Correlation and causation are NOT "forms" of each other.
Vivian on 7/9/2012 at 18:39
I think it's wicked that people are actually throwing around regression stats and shit, go go go! Can we extend this technique to how much exactly bioshock sucked next?
jay pettitt on 7/9/2012 at 19:28
Quote Posted by LarryG
If a subset of the data does show a true correlation to gun homicides, that would mean that the criteria for selecting the subset drives the correlation, not gun ownership. Gun ownership
per se is not related to gun homicides, not by itself.
That was Subjeff's argument though - at least I think it was. You can refine the query.
Also, it's very possible that A causes B, but C is also happening sometimes which skews the results. It doesn't have to be the other way around. It may be that possibly culture, possibly politics etc etc cause guns to be unusually safe in some places which masks the possible fact that guns cause mass murder sprees if those places are included in your survey.
SubJeff on 7/9/2012 at 19:43
At least someone gets it.
God this is exhausting.
LarryG on 7/9/2012 at 19:59
Quote Posted by Subjective Effect
It's not my job to be your stats teacher. Re-read both both our last 4 forum posts.
Correlation and causation are NOT "forms" of each other.
Sigh.
Jer. 5:21 "Hear now this, O foolish people, and without understanding; which have eyes, and see not; which have ears, and hear not."
Read: (
http://stats.org/in_depth/faq/causation_correlation.htm) What is the difference between causation and correlation?. Just read the 1st paragraph:
Quote:
One of the most common errors we find in the press is the confusion between correlation and causation in scientific and health-related studies. In theory, these are easy to distinguish — an action or occurrence can cause another (such as smoking causes lung cancer), or it can correlate with another (such as smoking is correlated with alcoholism).
If one action causes another, then they are most certainly correlated. But just because two things occur together does not mean that one caused the other, even if it seems to make sense.
Bluntly,
correlation refers to any of a broad class of statistical relationships involving dependence.

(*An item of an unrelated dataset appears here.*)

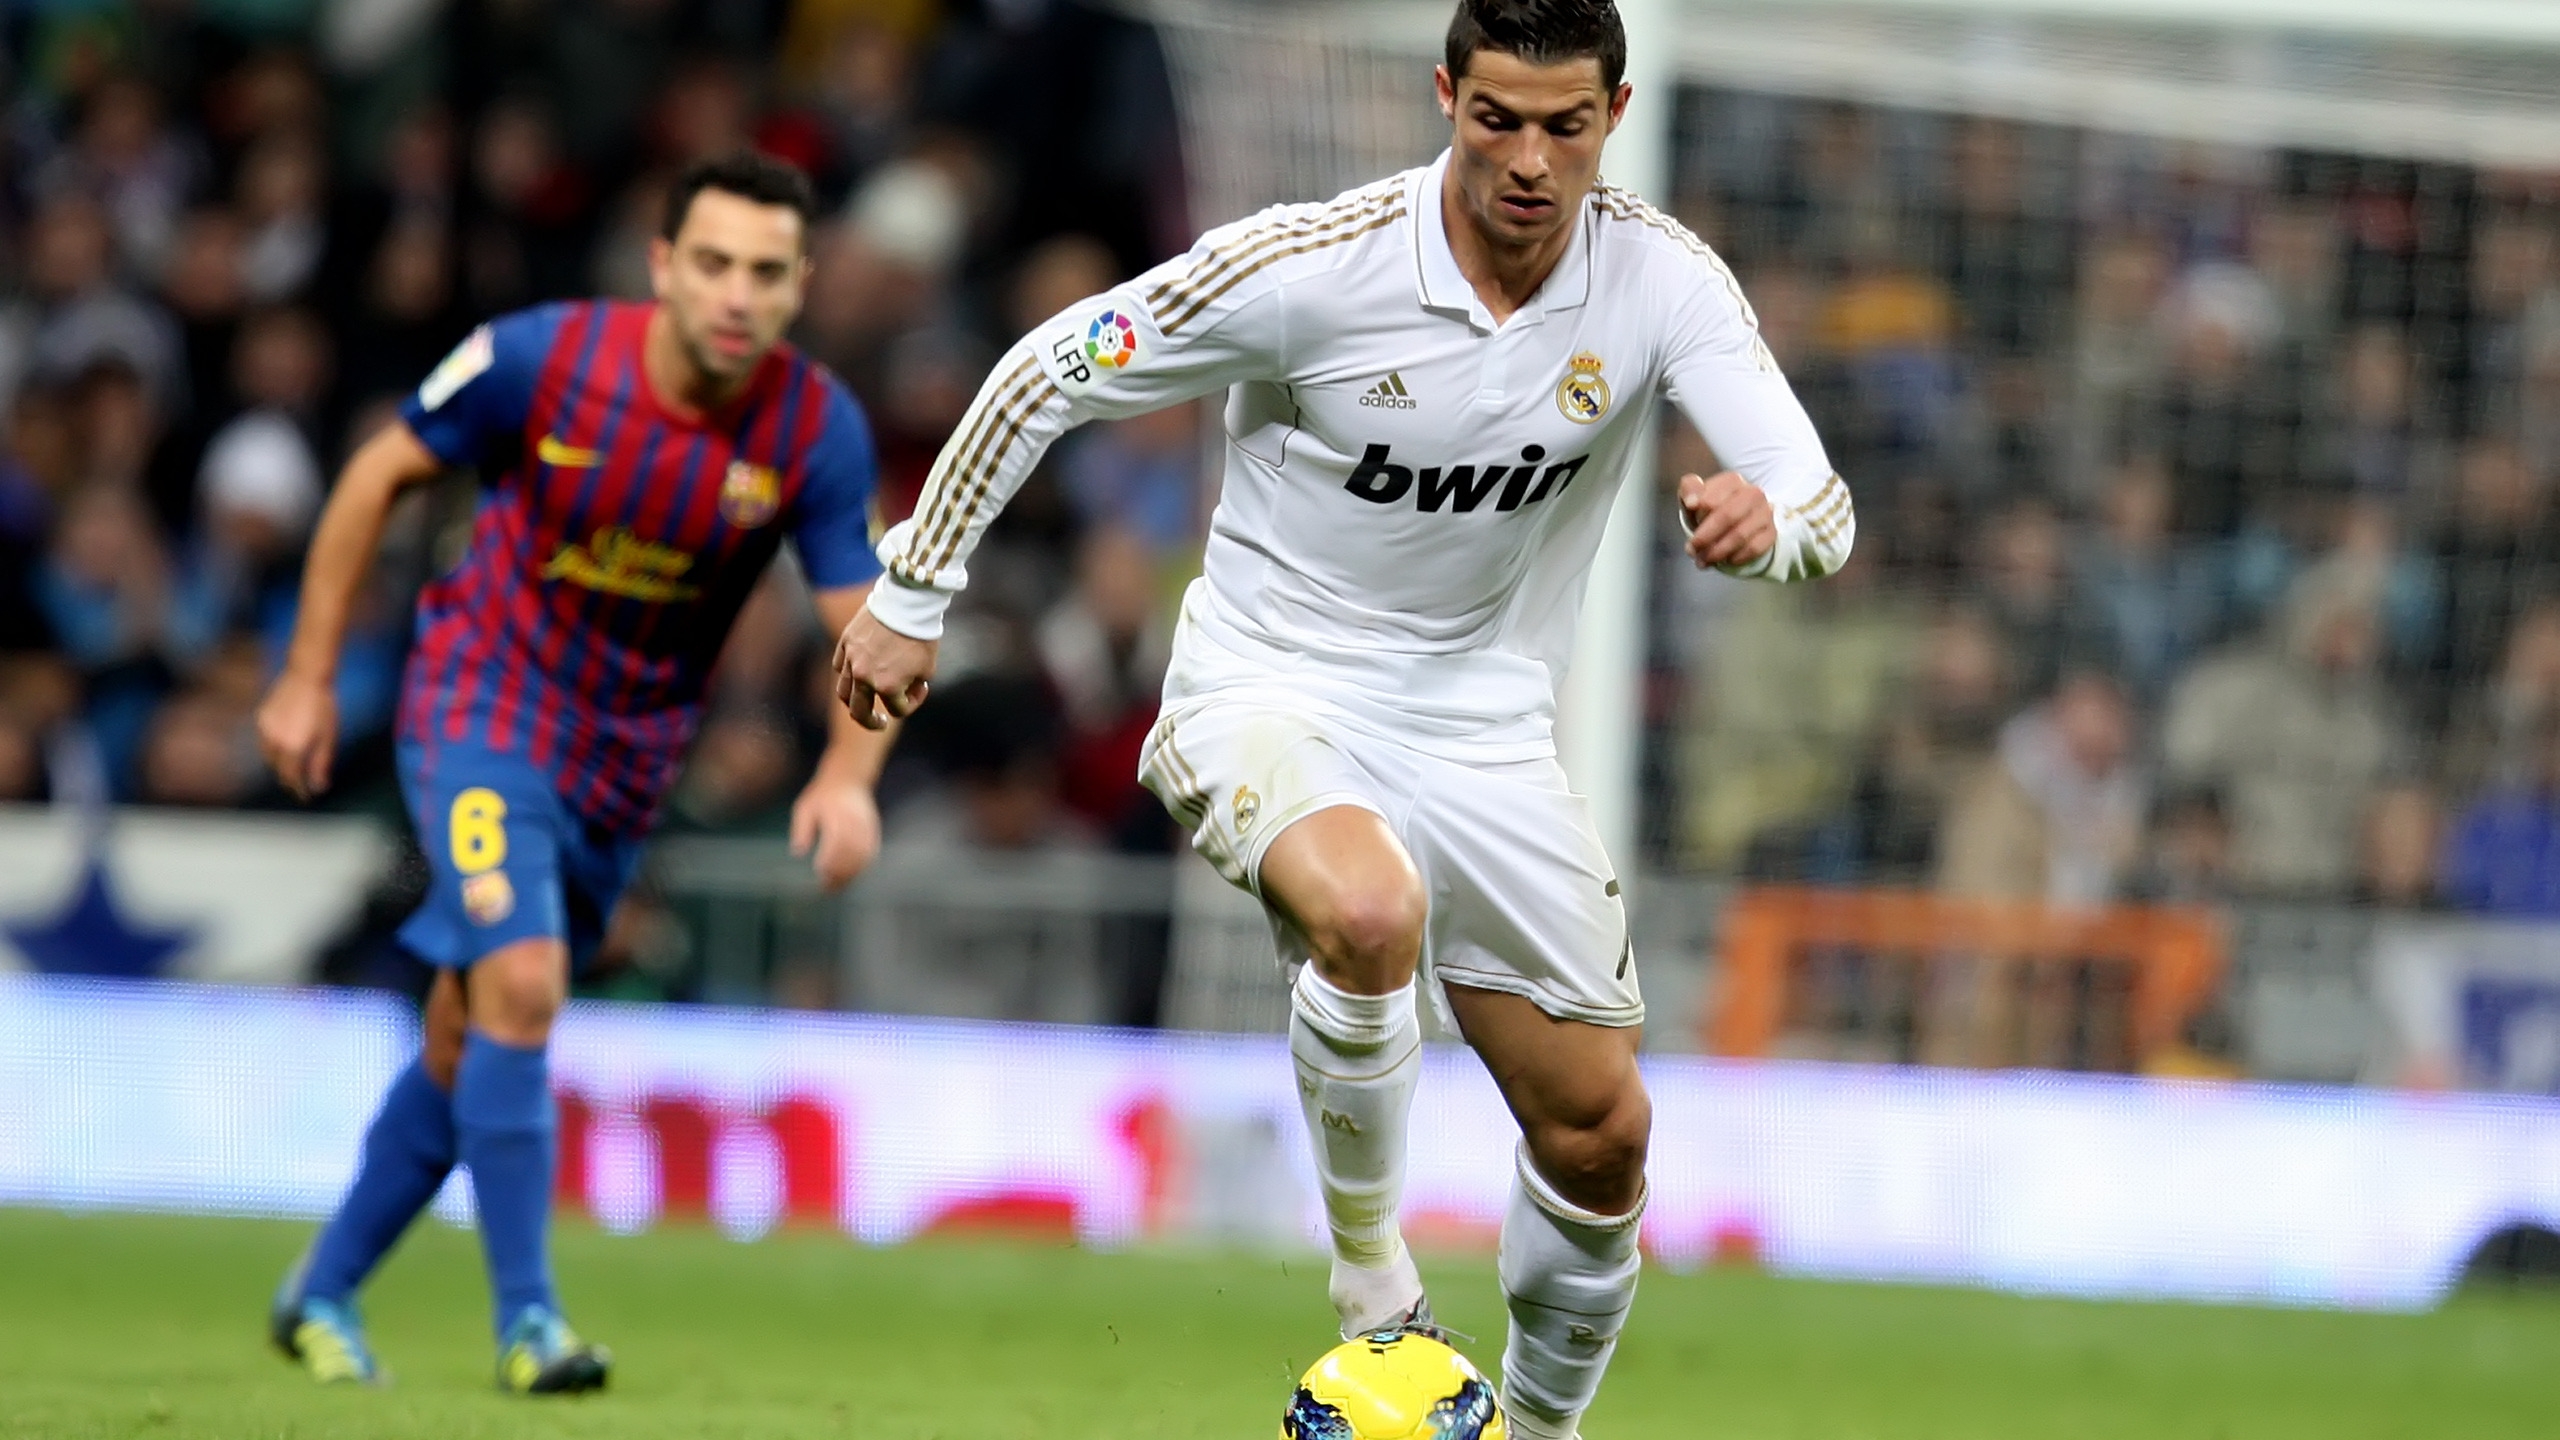 Cristiano Ronaldo Performing for 2560x1440 HDTV resolution

(http://en.wikipedia.org/wiki/Causality) Causation is just one of those statistical relations in that class. In particular it is the correlation relationship where the relationship is between a set of factors (causes) and a phenomenon (the effect), where the effect is understood to be a consequence of the causes. All causation relationships are correlations, but not all correlations are causation. (
http://en.wikipedia.org/wiki/Correlation_does_not_imply_causation) Correlation does not imply causation. But causation
does imply correlation. So lack of correlation means there cannot be causation.
Think. Understand.
jay pettitt on 7/9/2012 at 20:16
You're arguing over semantics.
The point of statistics is to illuminate useful information in data.
If you're interested in, say, what might happen to homicide rates if the US introduced stronger gun controls then the lack of correlation in the global UN data may not actually be very informative. Or it might be. We don't know. There's more work to be done before you can say something interesting.
LarryG on 7/9/2012 at 20:29
This discussion about cause and effect is in response to
Quote Posted by Jason Moyer
In areas where the rate of legal firearm possession is highest, people don't fucking shoot each other. This is, in a nutshell, why 99% of gun control arguments are complete bullshit.
The statistics do not bear that out. What they do demonstrate is that the rate of firearm possession is independent from whether people "fucking shoot each other." In looking for the causative factors for people shooting each other, you need to look elsewhere. That's the point.
jay pettitt on 7/9/2012 at 20:40
Yes and no.
This isn't physics or engineering. We all know/accept (except for Jason) that it's probably going to be complicated and there's going to be more than one thing happening at a time.
Your take of the UN data failed to suggest any correlation between ownership and shooting people dead. But Chimpy's re-analysis suggested that, actually, there might be.
So the job now is to try and better understand why your analysis and Chimpy's give us different answers, and whether that might be instructive.